Clicking through the issues, I found three themes of interest to my journey in design. Articles on systems and methodologies, research, and heritage. And an issue devoted to the legal industry — how convenient. Here are some articles that I have downloaded thus far:
- Why the Failure of Systems Thinking Should Inform the Future of Design Thinking by Fred Collopy
- Incremental and Radical Innovation: Design Research vs.

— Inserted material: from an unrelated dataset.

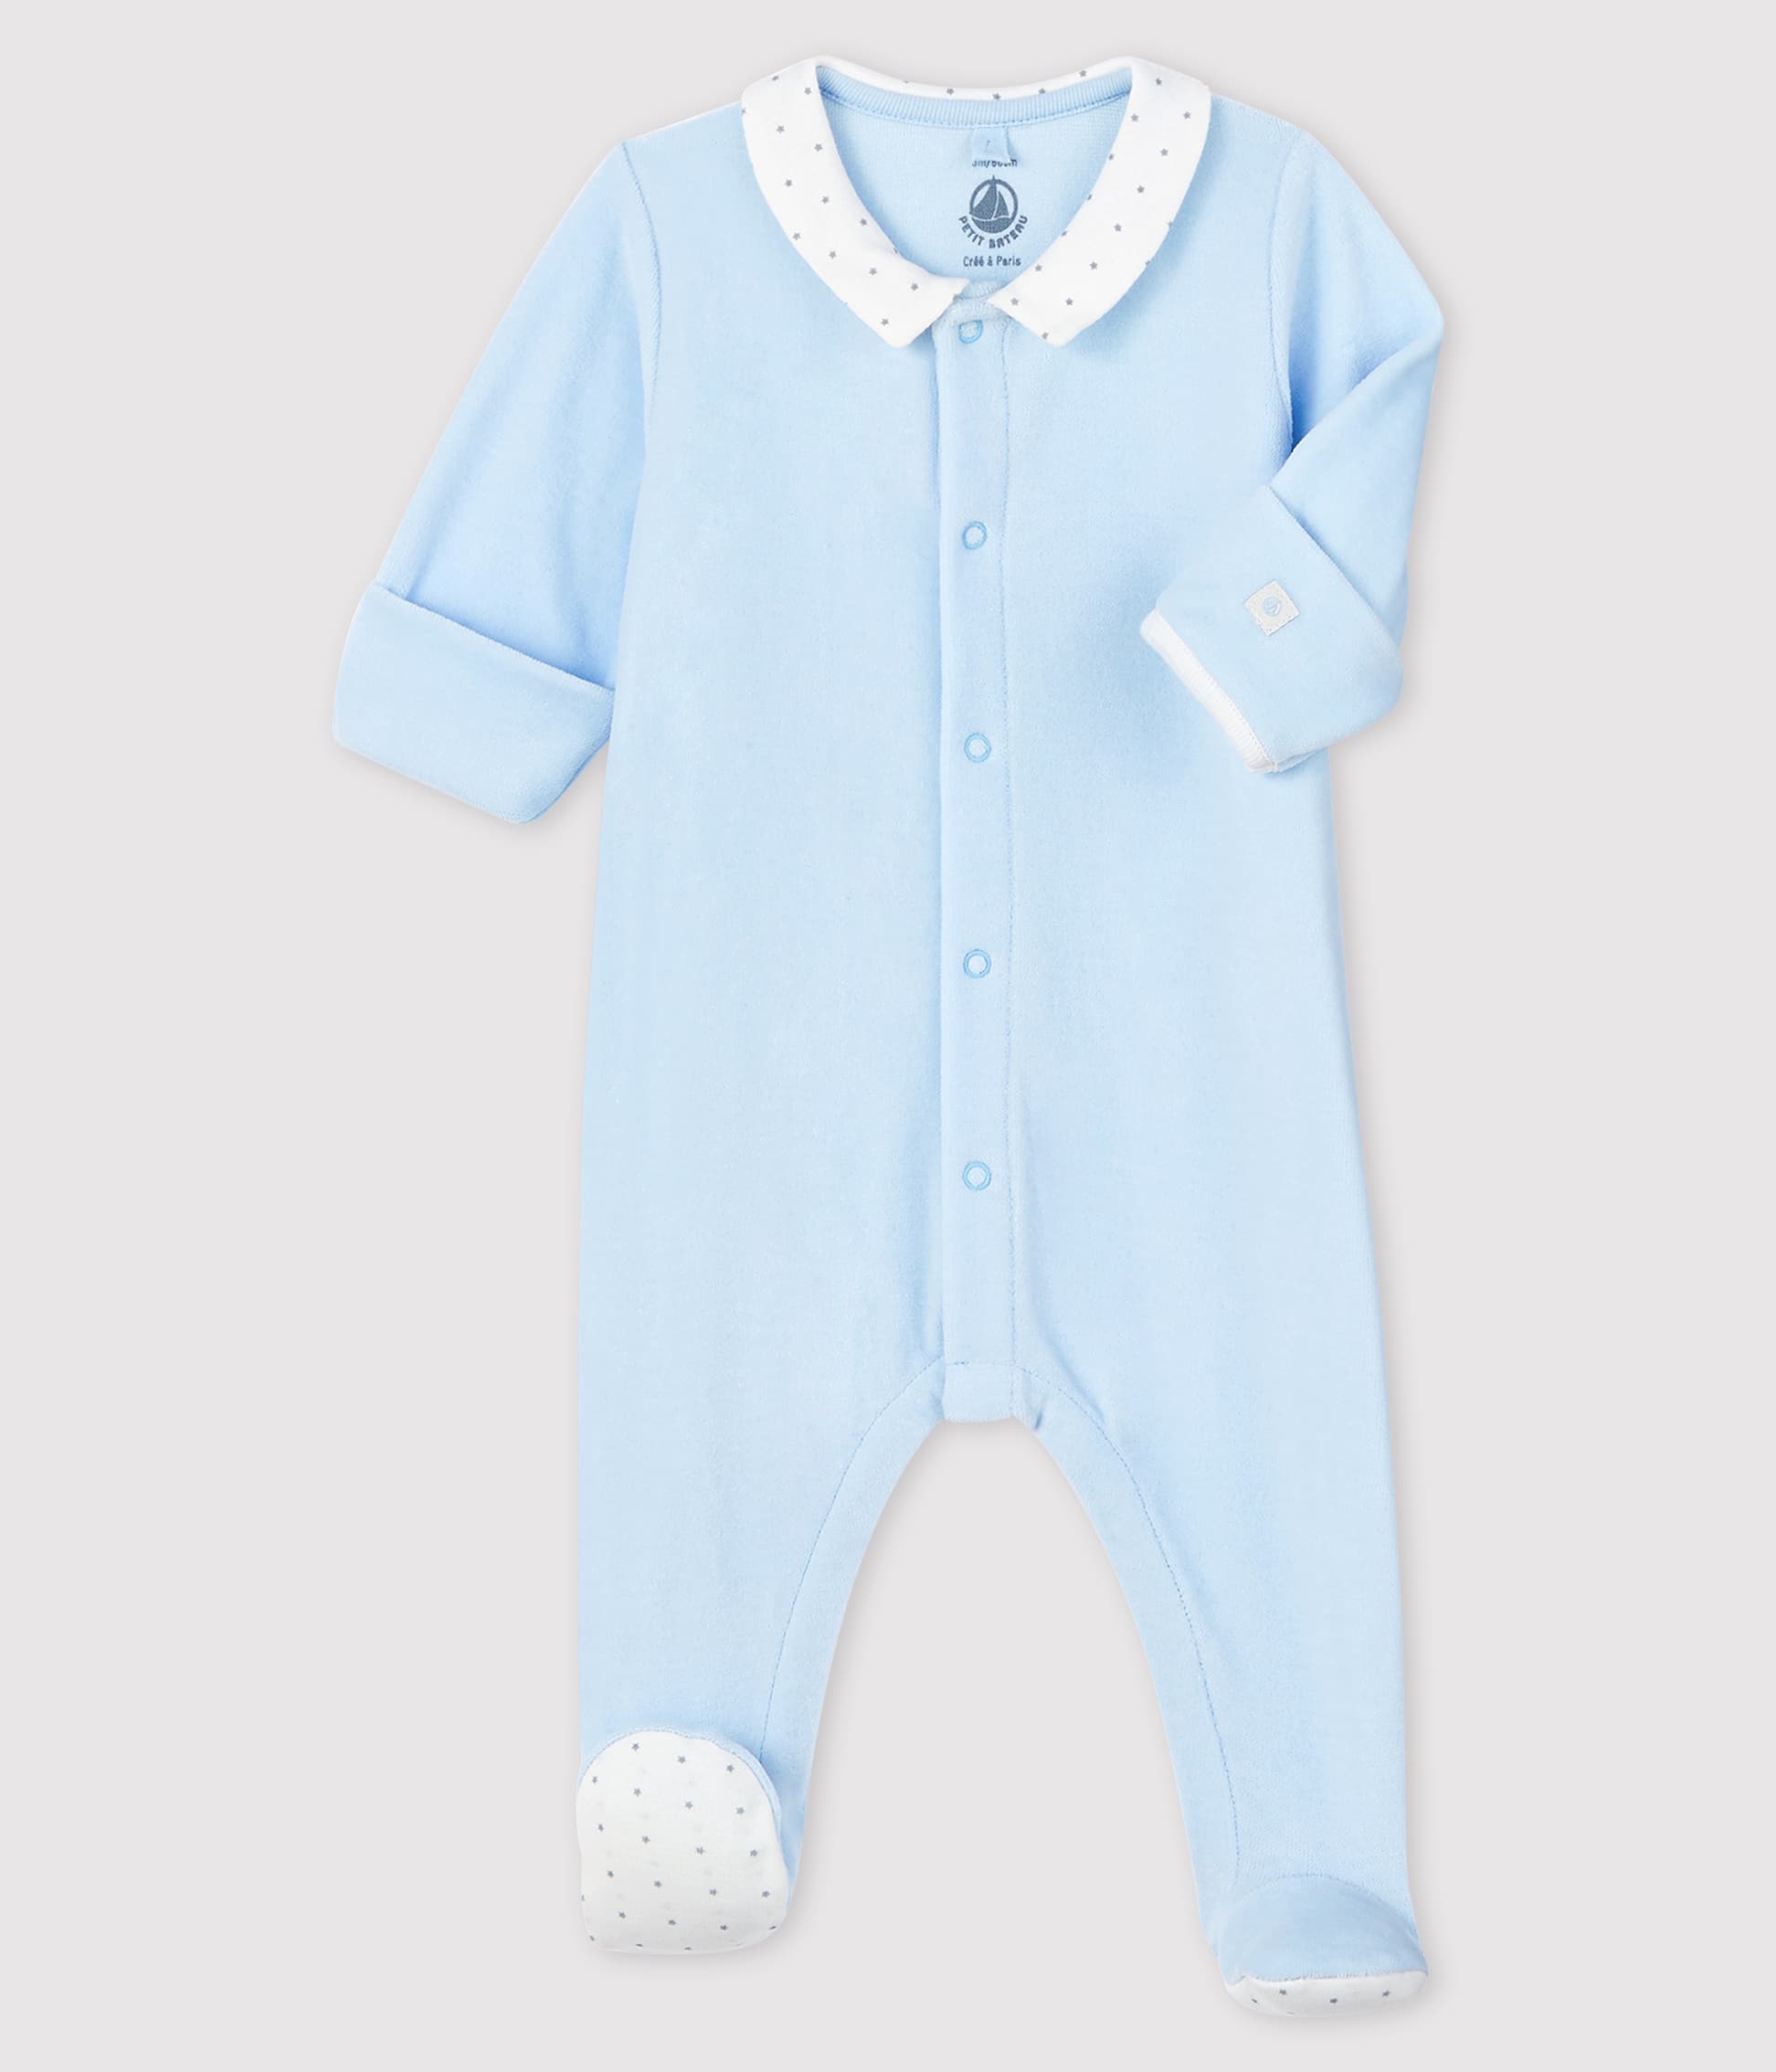 EOZY Ensemble de Pyjama Bleu Enfant Bébé Combinaison Dors Bien
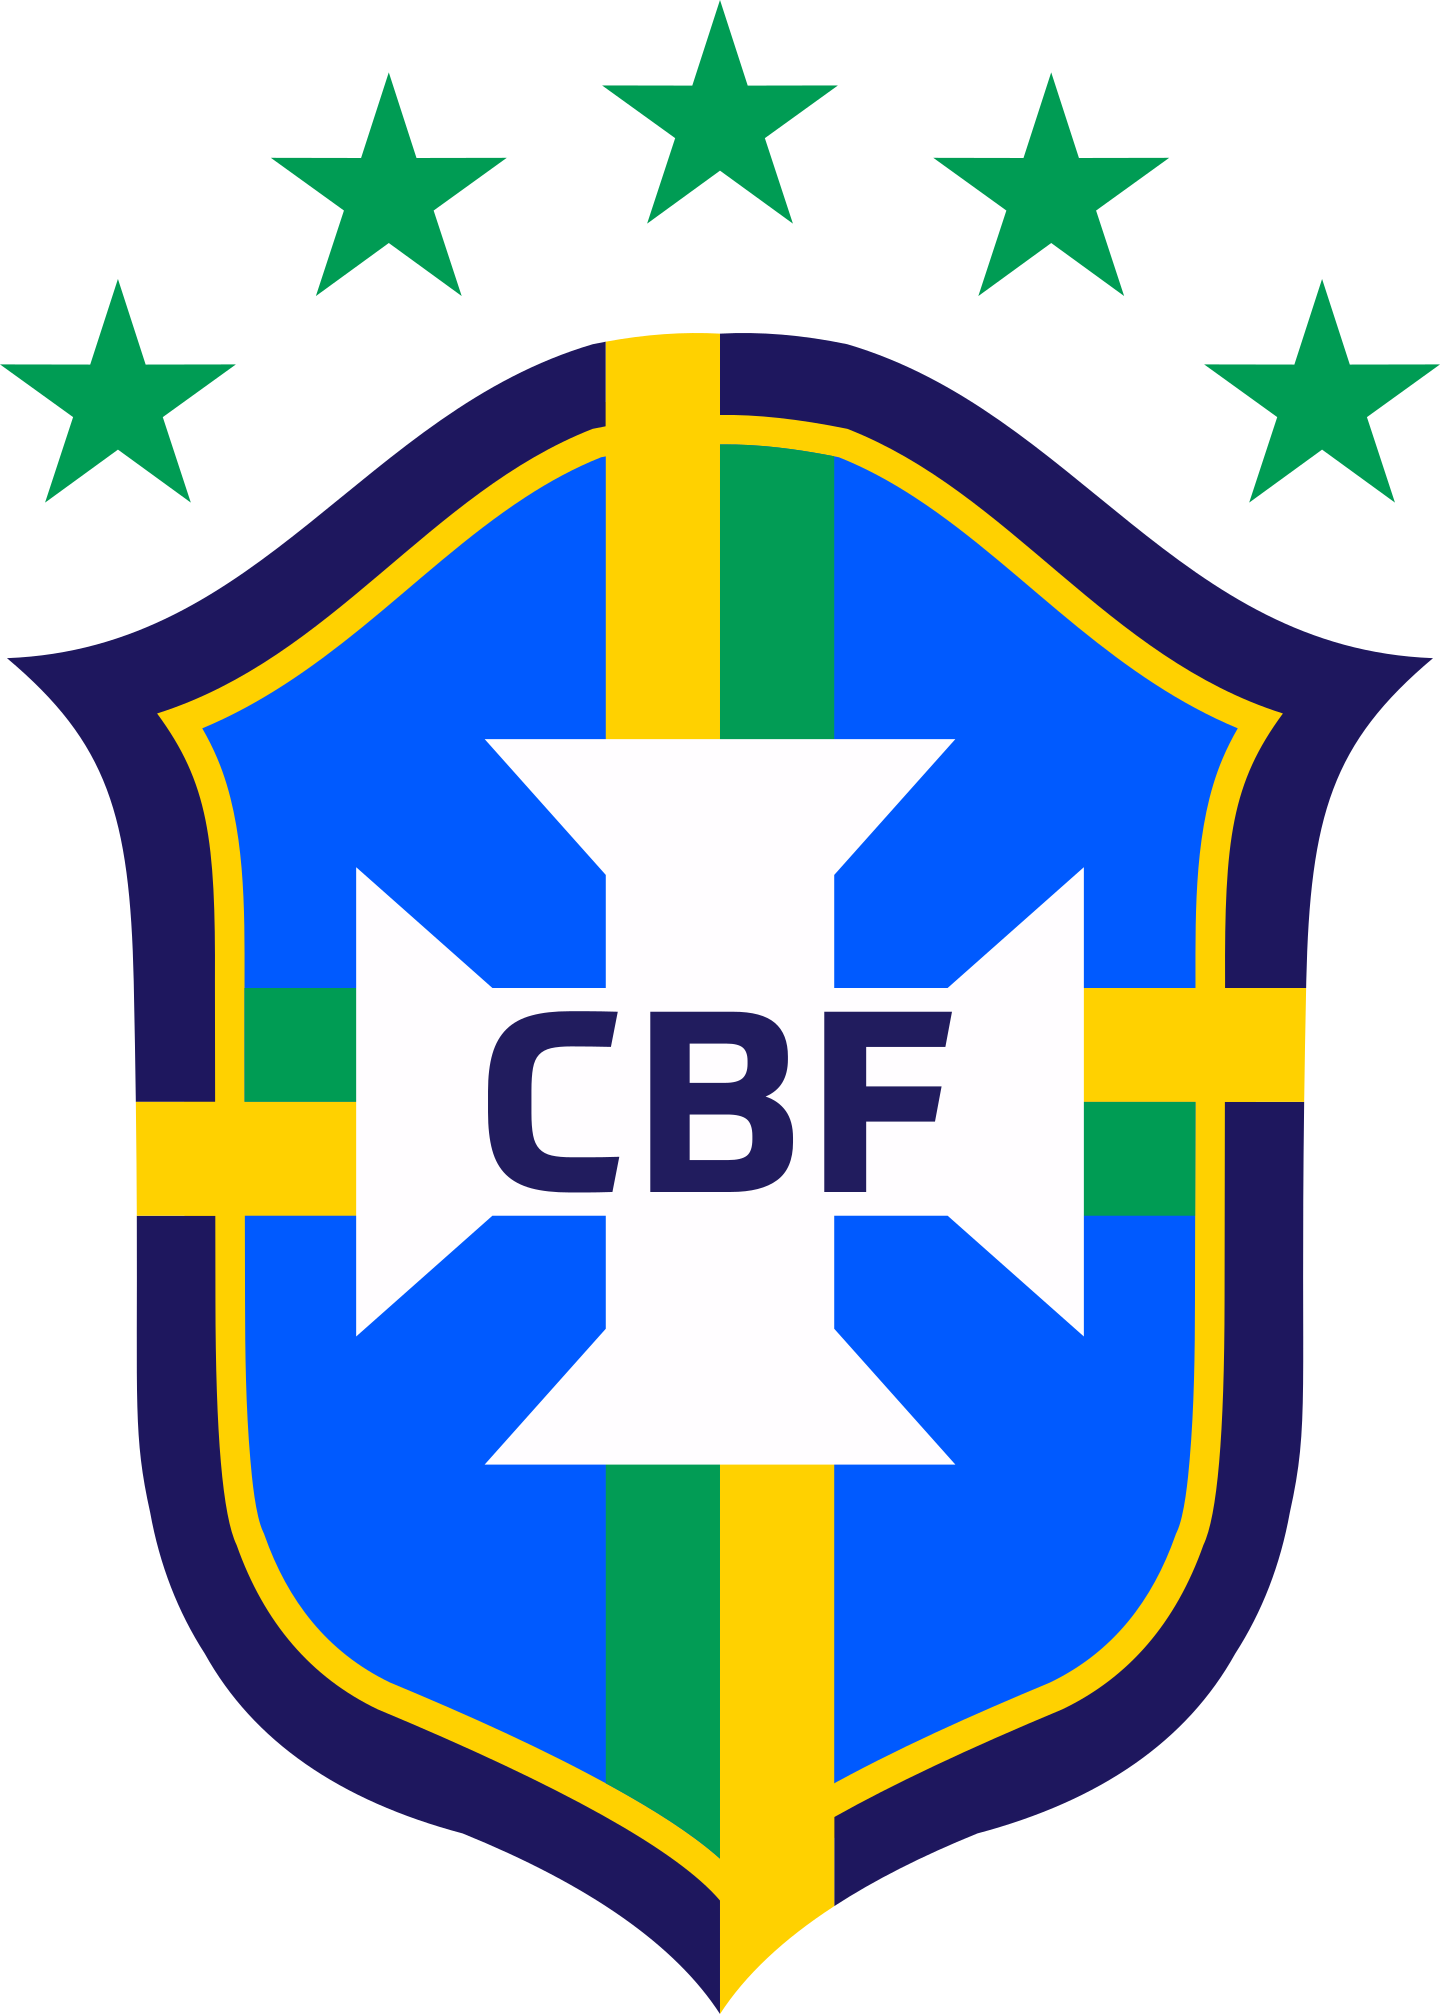 brazil national football team logo 3 - Brazil National Football Team Logo

Technology and Meaning Change by Donald A. Norman and Roberto Verganti
- Design and Innovation: How Many Ways? by Cabirio Cautela, Alessandro Deserti, Francesca Rizzo, and Francesco Zurlo
- Managing as Designing: Lessons for Organization Leaders from the Design Practice of Frank O. Gehry by Richard J. Boland Jr., Fred Collopy, Kalle Lyytinen, and Youngjin Yoo
- On the Case Study Method of Research and Teaching in Designby Maggie Breslin eand Richard Buchanan
- Design and the Cultures of Enterprises by Alessandro Desert and Francesca Rizzo
- Speaking Italian with a Swiss-German Accent: Walter Ballmer and Swiss Graphic Design in Milan by Chiara Barbieri and Davide Fornari
- Promoting Swiss Graphic Design and Typography Abroad: The Case of Paris in the 1960s by Constance Delamadeleine
- The Rapid Embrace of Legal Design and the Use of Co-Design to Avoid Enshrining Systemic Bias by Dan Jackson, Miso Kim, Jules Rochielle Sievert
- Legal Design as a Thing: A Theory of Change and a Set of Methods to Craft a Human-Centered Legal System by Margaret Hagan
While we’re discussing academic pursuits, might I also suggest this is a perfect time to read through a few of these articles and write about what you have learned. What do you find challenging to your current point of view on each topic. How might you try or consider a new strategy or tactic? Keep in mind; writing doesn’t mean you have to knock out two-thousand words on a subject (talk about boring) — try talking about what you read as if we were out having a beer. Writing is the best way to synthesize and process what you have read. And MIT Press has just given us all a nice gift in the form of free continuing education in our field.